Task item:
An exact repetition of the data is required; no picture should appear in it.

Data:
====

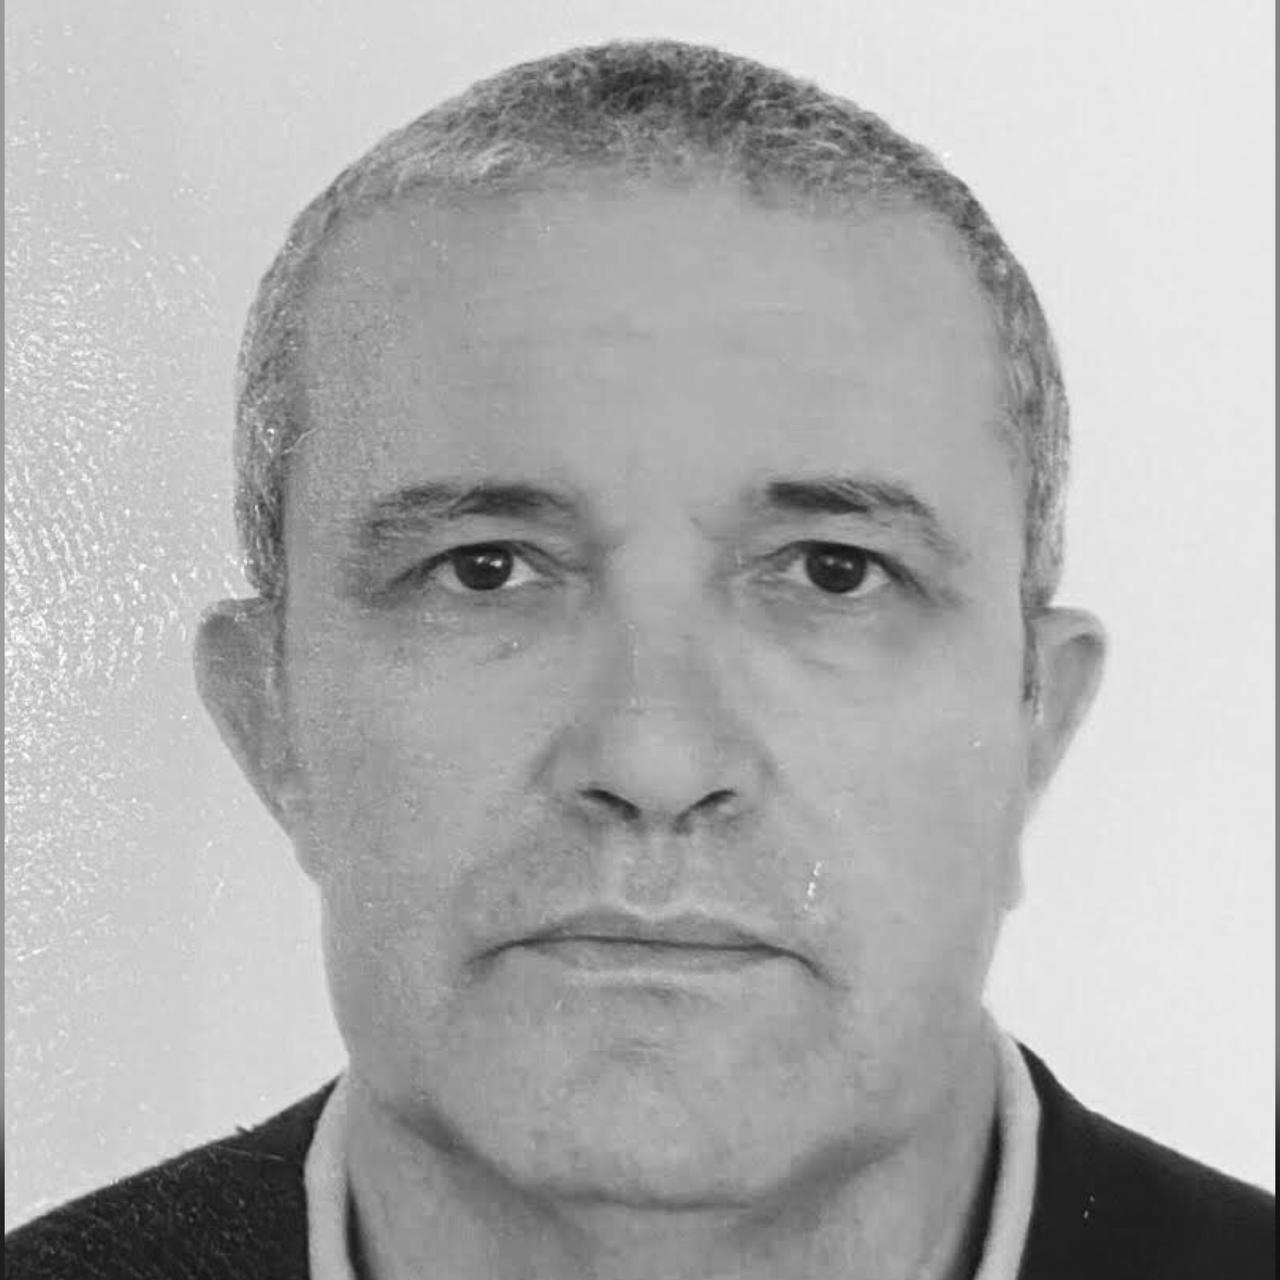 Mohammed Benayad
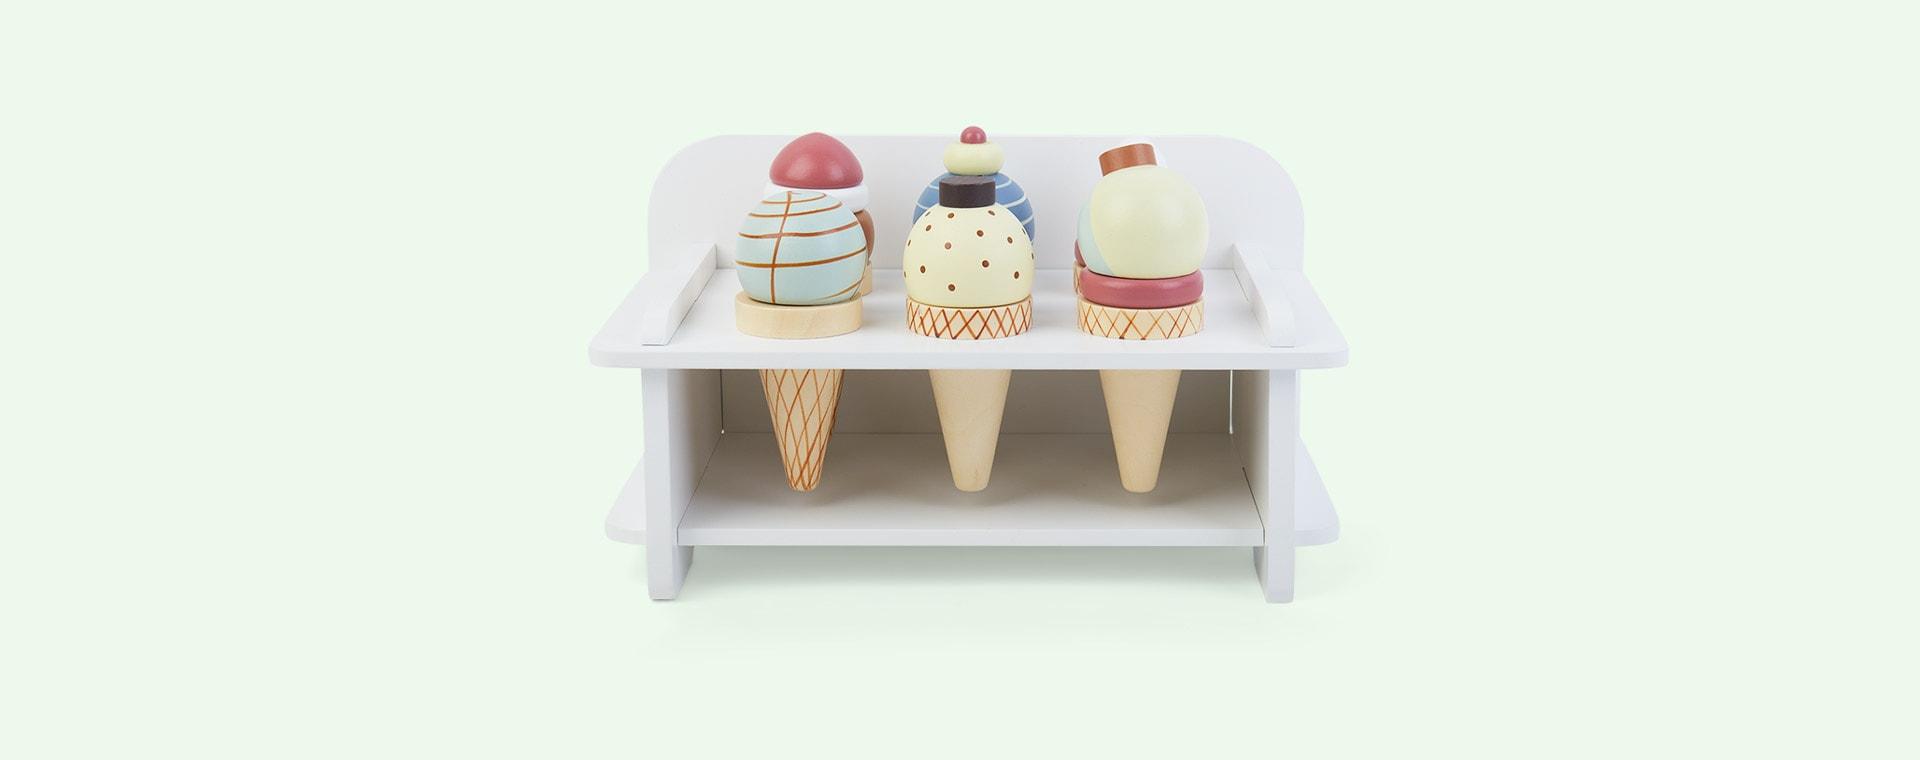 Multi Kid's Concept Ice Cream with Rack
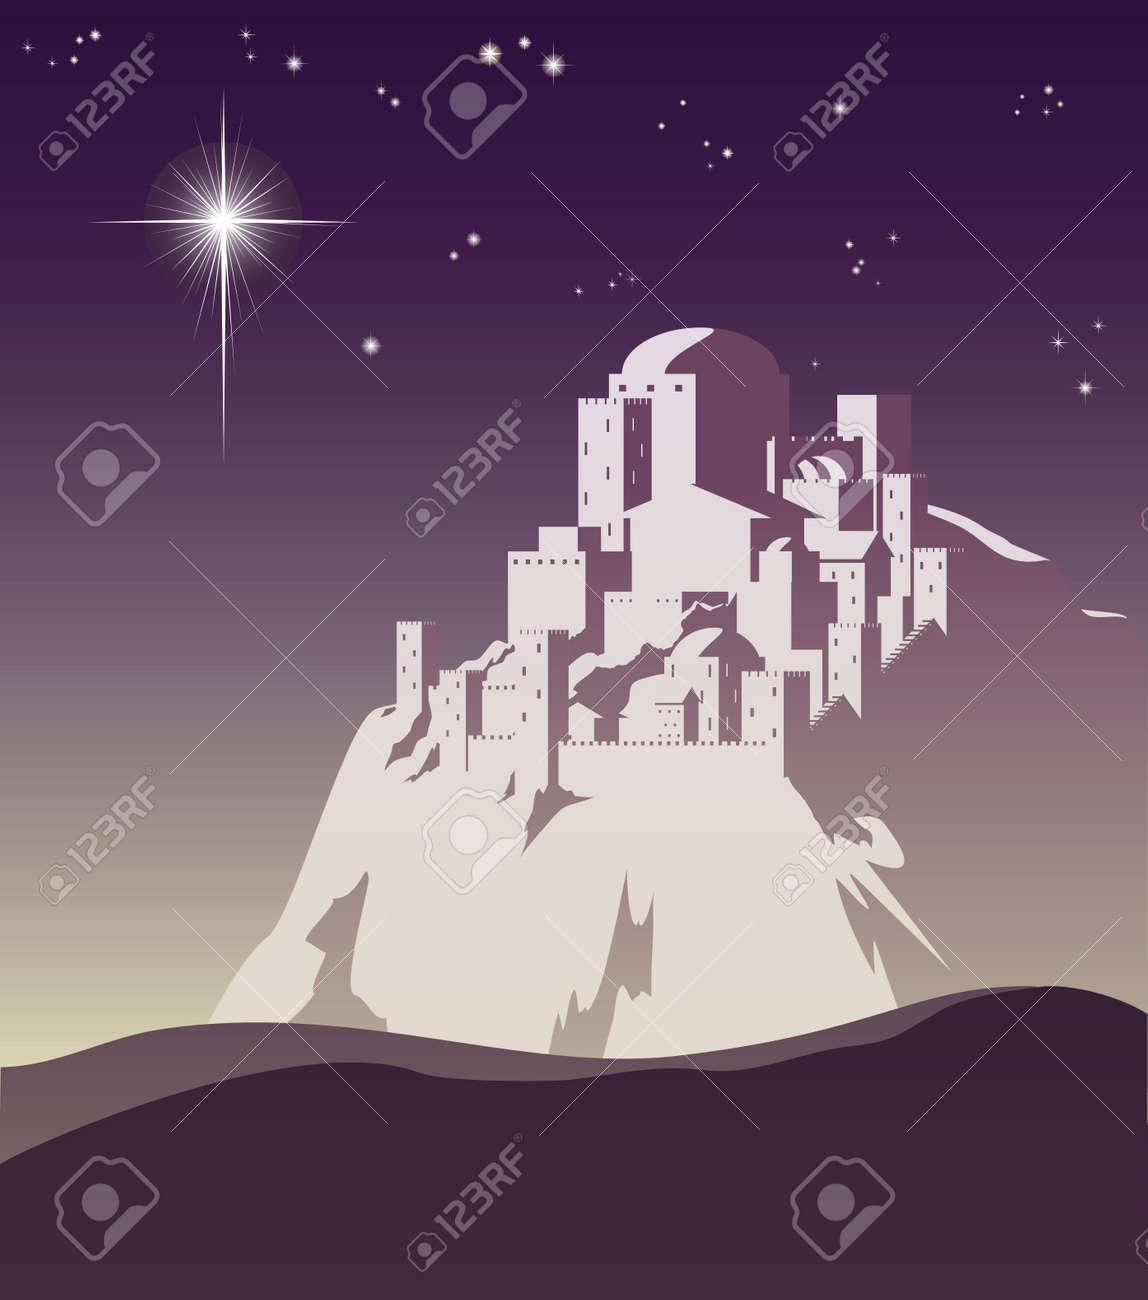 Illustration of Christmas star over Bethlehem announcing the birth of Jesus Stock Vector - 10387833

====

Answer for this exercise:
 Mohammed Benayad
 Multi Kid's Concept Ice Cream with Rack
 Illustration of Christmas star over Bethlehem announcing the birth of Jesus Stock Vector - 10387833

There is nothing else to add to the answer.